- Pitcher
- Born: October 27, 1977 (age 48) Hilo, Hawaii, U.S.
- Batted: RightThrew: Left

MLB debut
- April 5, 1999, for the Los Angeles Dodgers

Last MLB appearance
- September 30, 2000, for the Los Angeles Dodgers

MLB statistics
- Win–loss record: 3–5
- Earned run average: 4.23
- Strikeouts: 88
- Stats at Baseball Reference

Teams
- Los Angeles Dodgers (1999–2000);

= Onan Masaoka =

American baseball player (born 1977)

Onan Kainoa Satoshi Masaoka (born October 27, 1977) is an American baseball pitcher who played for the Los Angeles Dodgers in 1999 and 2000.

Drafted by the Los Angeles Dodgers in the 3rd round of the 1995 MLB amateur draft, Masaoka made his Major League Baseball debut with the Dodgers on April 5, 1999, and appeared in his final game on September 30, 2000. One of the highlights of Masaoka's brief major league career occurred on July 11, 1999. In the final game prior to the All Star Break, Masaoka pitched 4 innings in relief of winning pitcher Darren Dreifort. He picked up the one and only save of his major league career during the Dodgers 14-3 blowout win over the Mariners.

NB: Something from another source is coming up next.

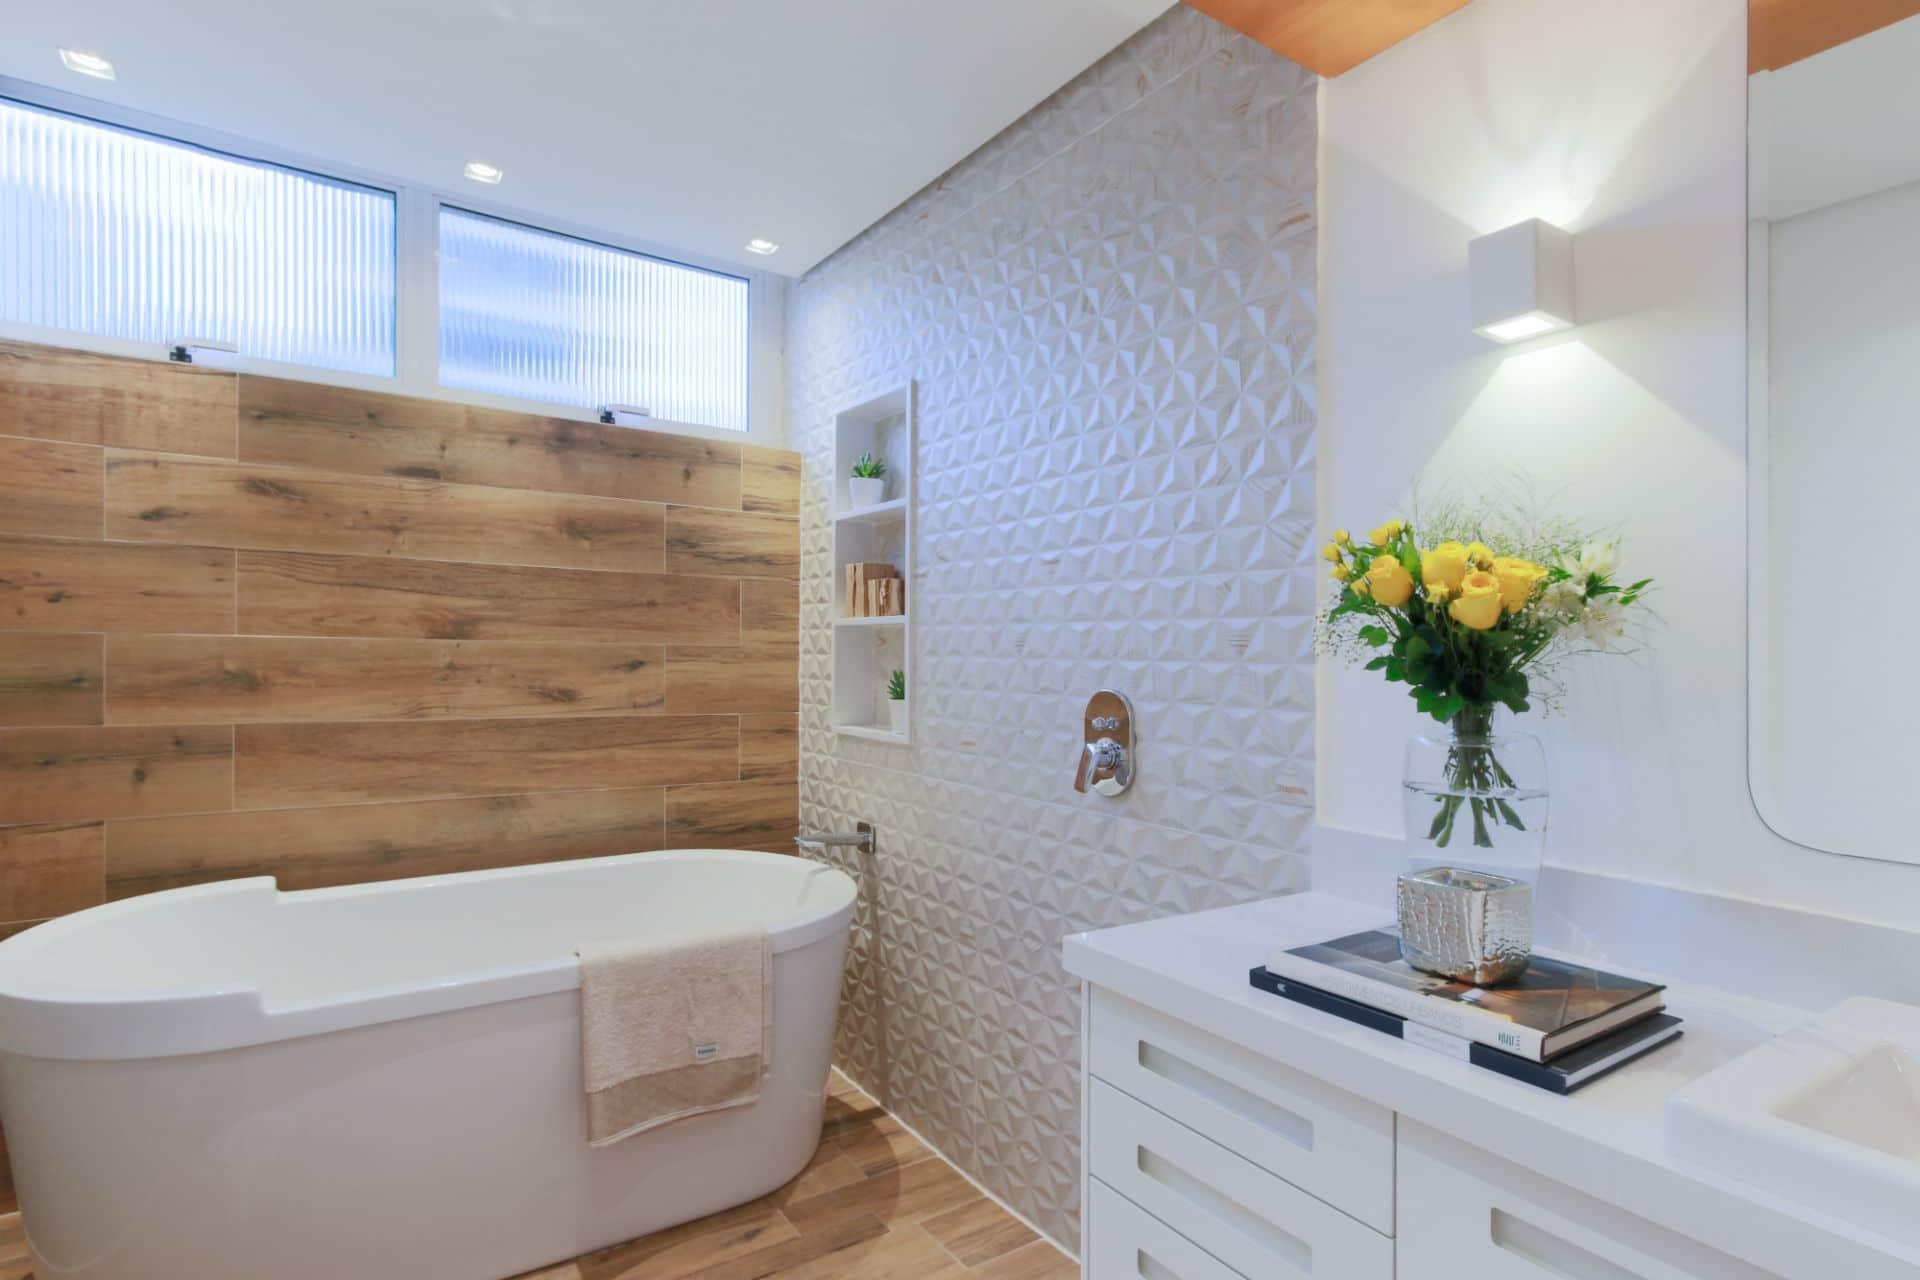 O que levar em conta para planejar o banheiro?

The Dodgers traded him to the Chicago White Sox on July 26, 2001 (along with Jeff Barry and Gary Majewski) for James Baldwin and cash. The White Sox assigned him to the AAA Charlotte Knights but released him after the season ended.

He next played professionally with the Gary SouthShore RailCats of the Northern League in 2009 and signed with his hometown Hawaii Stars of the Pacific Association for 2013.